My mum was a terrible speller. I remember her not being able to spell Yours Sincerely – she always wrote “Sincerley”. I remember sitting down with her and telling her that it was sincere like sincere and then –ly, so it had to be sincerely. I remember her calling out to me to tell her how to spell it just one week later.  Hannah Bethke is much better at spelling than my mother. And she’ll be pleased to learn that my mum’s bad spelling damaged her confidence – her confidence, more than her ability – to get on in life, be successful.

Thing is, maybe Hannah’s right. Maybe people who can’t spell properly shouldn’t go to uni. They should probably all be herded out of the universities and marched into Nagelstudio training colleges or something similar.

What infuriates me is her impatience, her lack of sympathy or imagination! This idea that it isn’t hard! That everyone who isn’t lucky enough to be born as clever as Bethke is lazy, weak and stupid. Wicked, even.

Words are hard. Spelling them correctly is, let’s be honest, fucking difficult. Why, for example, do you, in German say “Du hast recht?” If I have something, it’s a noun, and a noun needs a capital. Why aren’t the words sir and madam spelt with a capital? Why isn’t it it’s and not its? It’s Hannah’s article: the article is Hannah’s, so, logically, it should be her’s. Jane Austen thought so too, by the way. 

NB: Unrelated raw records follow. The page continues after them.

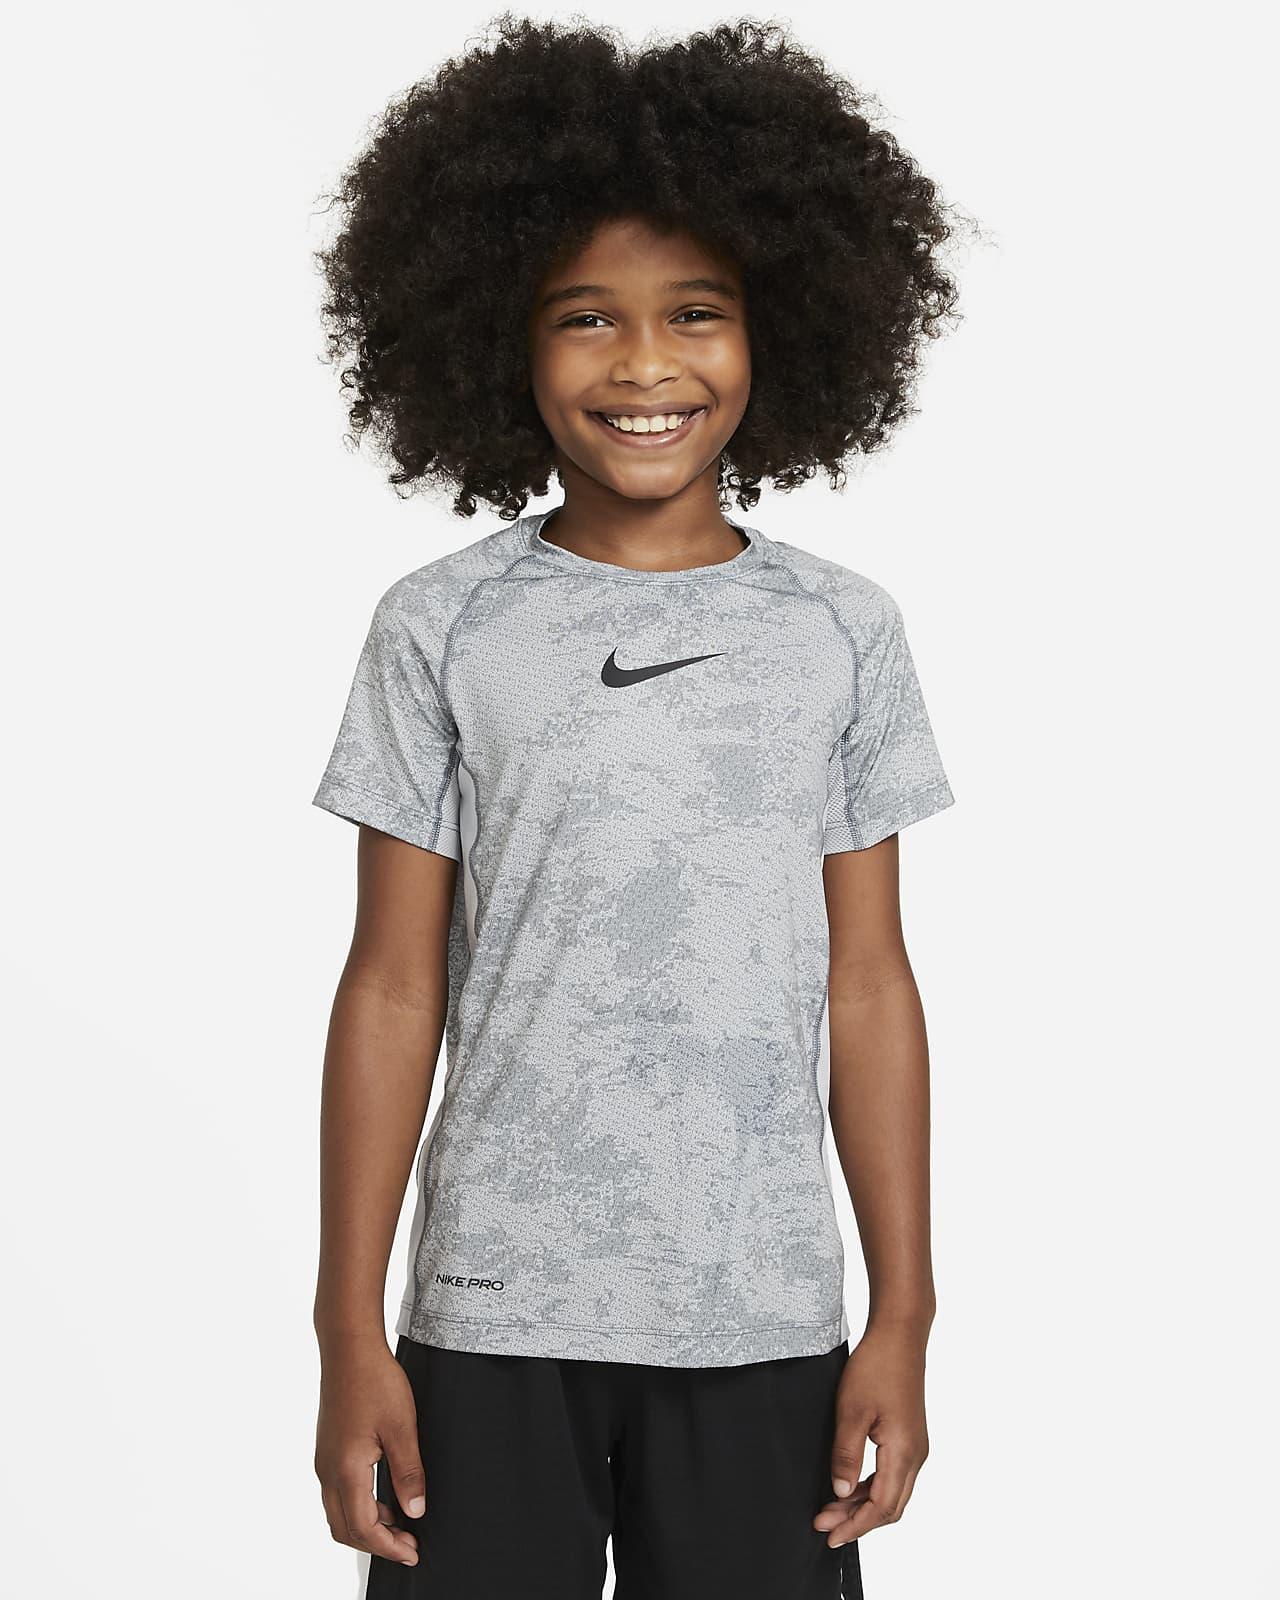 Nike Pro Big Kids' (Boys') Printed Training Top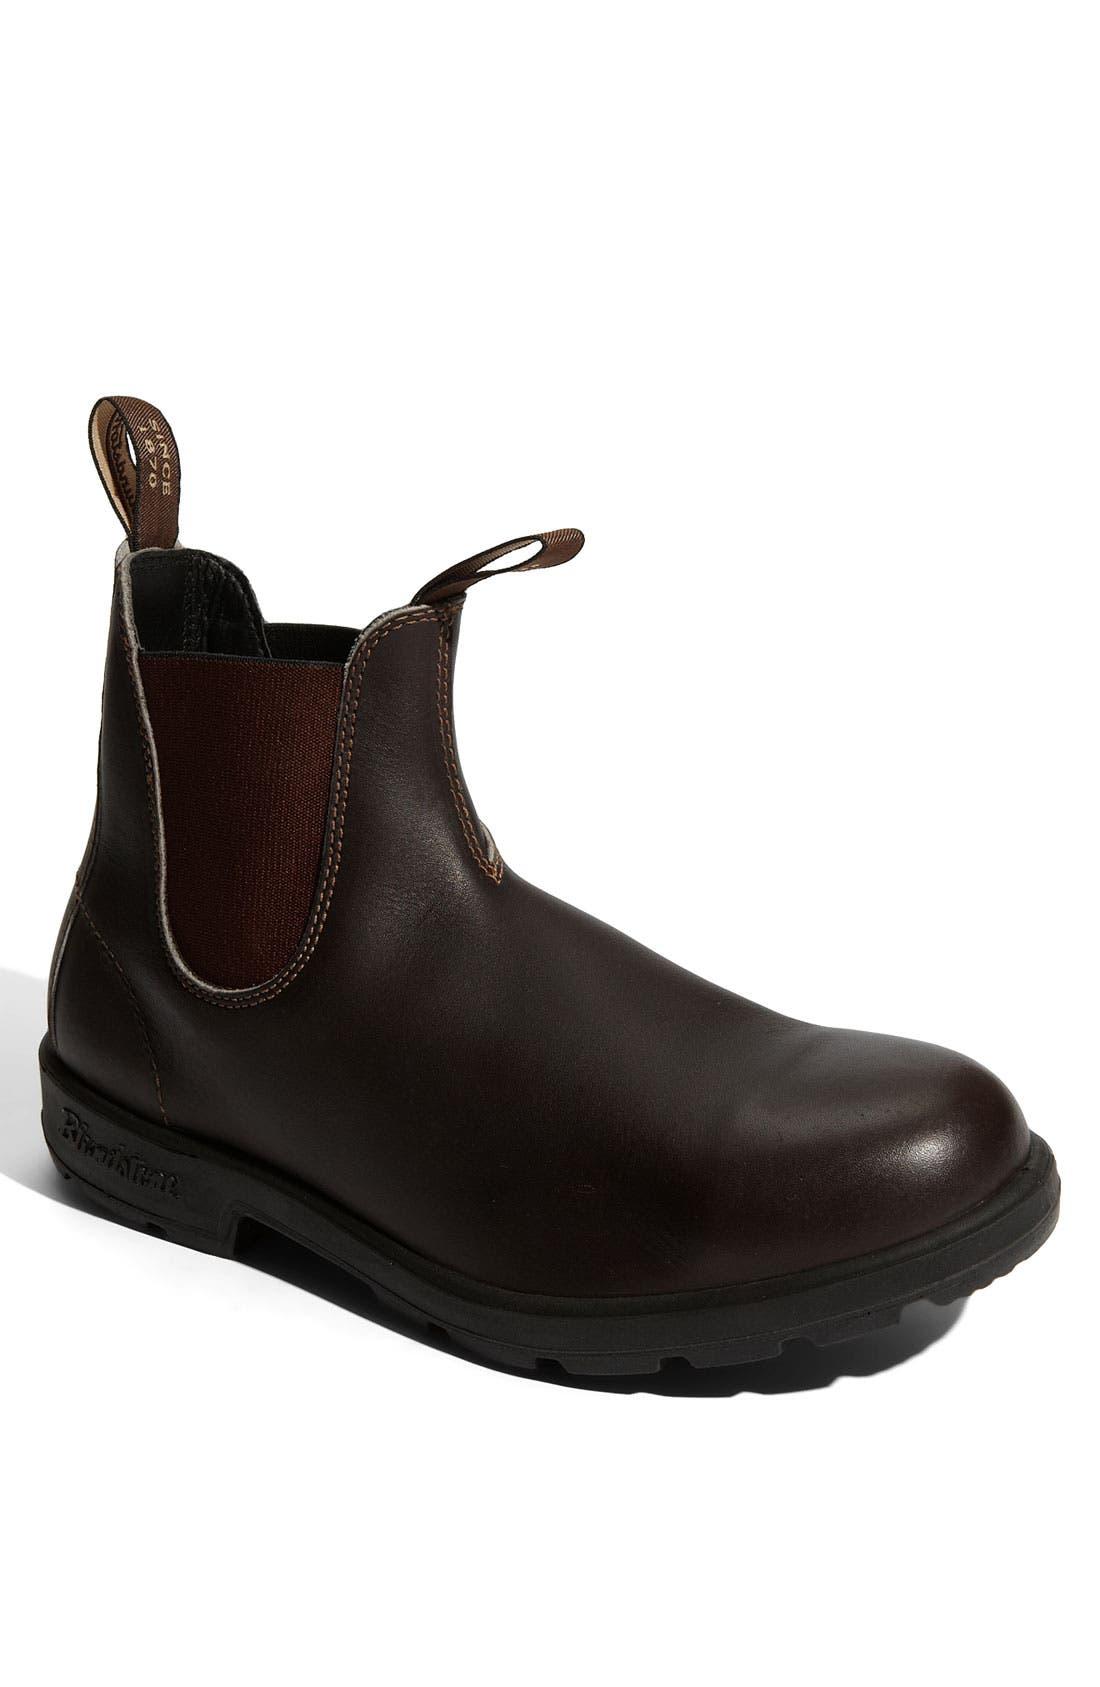 Classic Chelsea Boot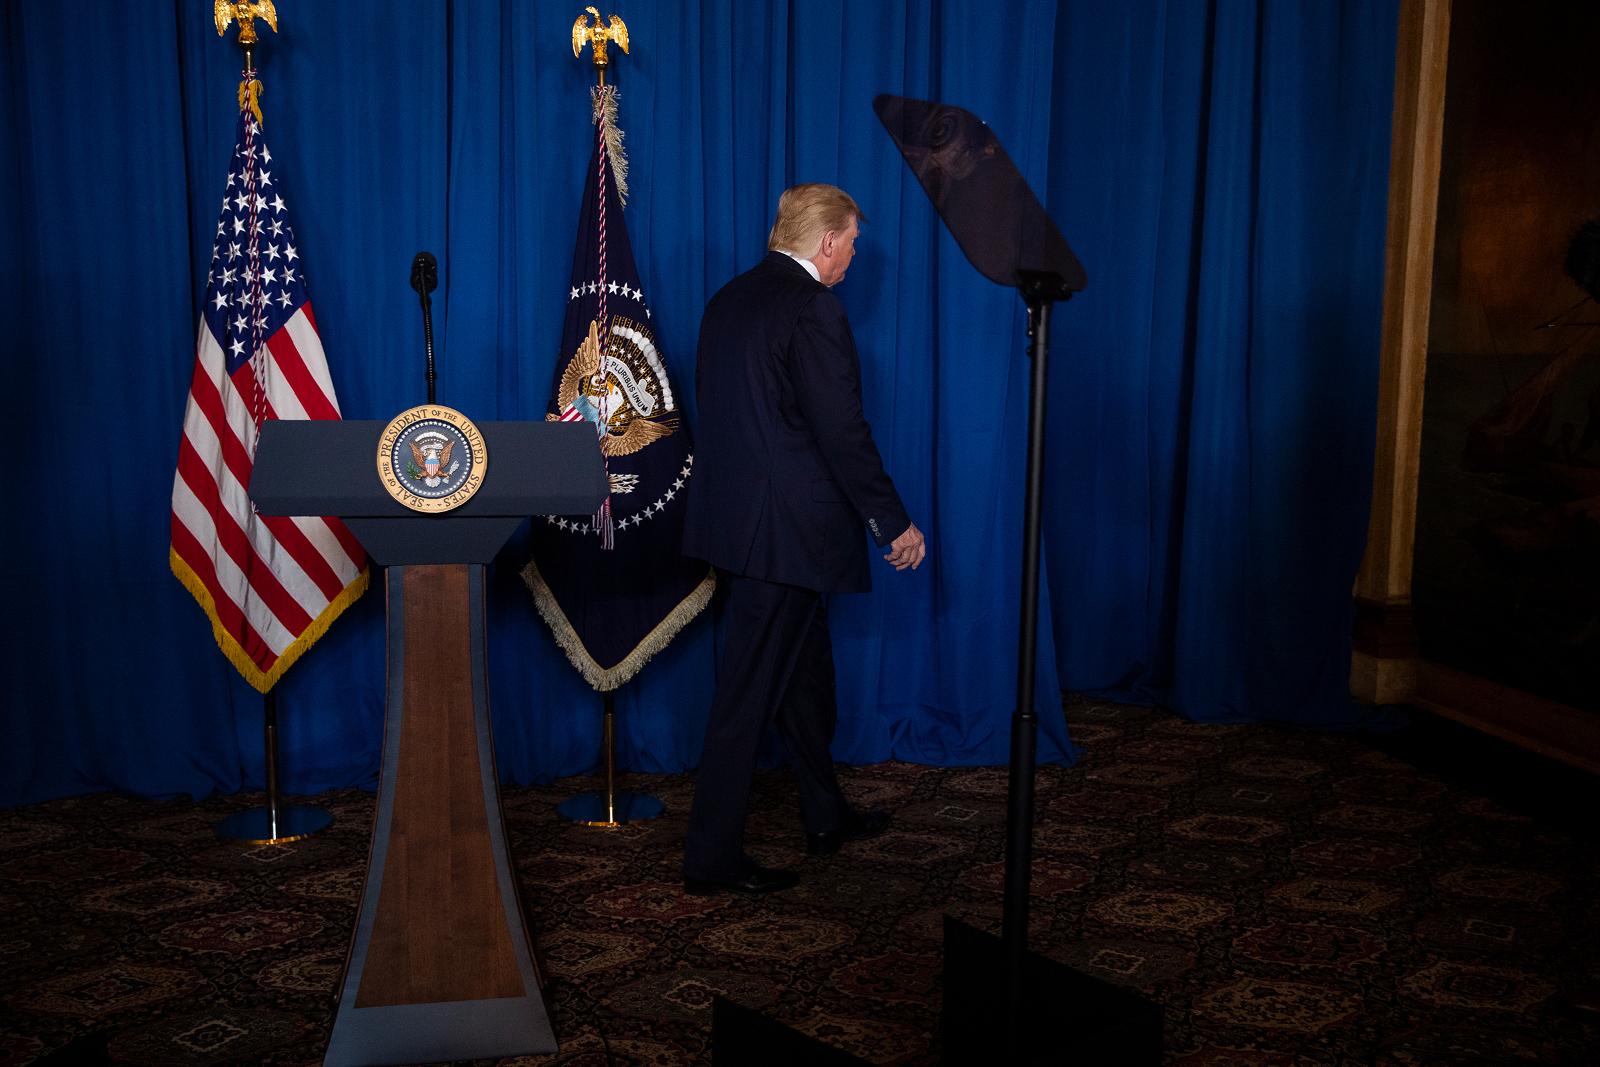 Trump walks off after delivering remarks on Iran

When I first came to Berlin, I fell in love with a Palestinian boy. He’d come over at 15, been put in U-Haft for a while. He taught himself to read German with the BZ. He actually didn’t know the difference between lower and upper case, unlike the made-up students in Bethke’s hatchet job piece. He used to write me little notes when he’d been unfaithful or spent all my money on drugs – “Libe Jaci, I love you To MaTCh.” Like that. They’d break my heart, I used to look at them and know I wasn’t really gonna end up marrying him. I always felt a mix of shame and delight.

In those little notes he wrote me, there was more MEANING than in that article Bethke puked up. She might be good at spelling, but she can’t write at all – because she has nothing to say. And I think this is where her “fear” comes from. She isn’t insecure about her spelling, but her actual intelligence. This is what a lot of grammar Nazis are scared about. They know they’re not original or intelligent thinkers. They know in a true democracy, our universities and newspapers wouldn’t be filled with their meaningless texts or unoriginal thoughts. People who spell “Vorraussetzing” with two “r”s belong in a Nagelstudio but in a truly fair society, Bethke would be a Toilettenfrau. And she knows this! She knows she’s a smug, small-minded person who needs to keep people like my mother ashamed or they might notice how little she actually has to say.

We can use spell-check to change all “aubegines” into “aubergine”. There’s no spell-check in the world that can change Bethke from a meaningless coward into someone who actually has something to say. I despise her and everyone like her – everyone who thinks commas are more important than human beings. It’s bad enough people thinking profits and cars and oil and sofas are more important than human beings. But commas? Fuck, you, Hannah, Bethke.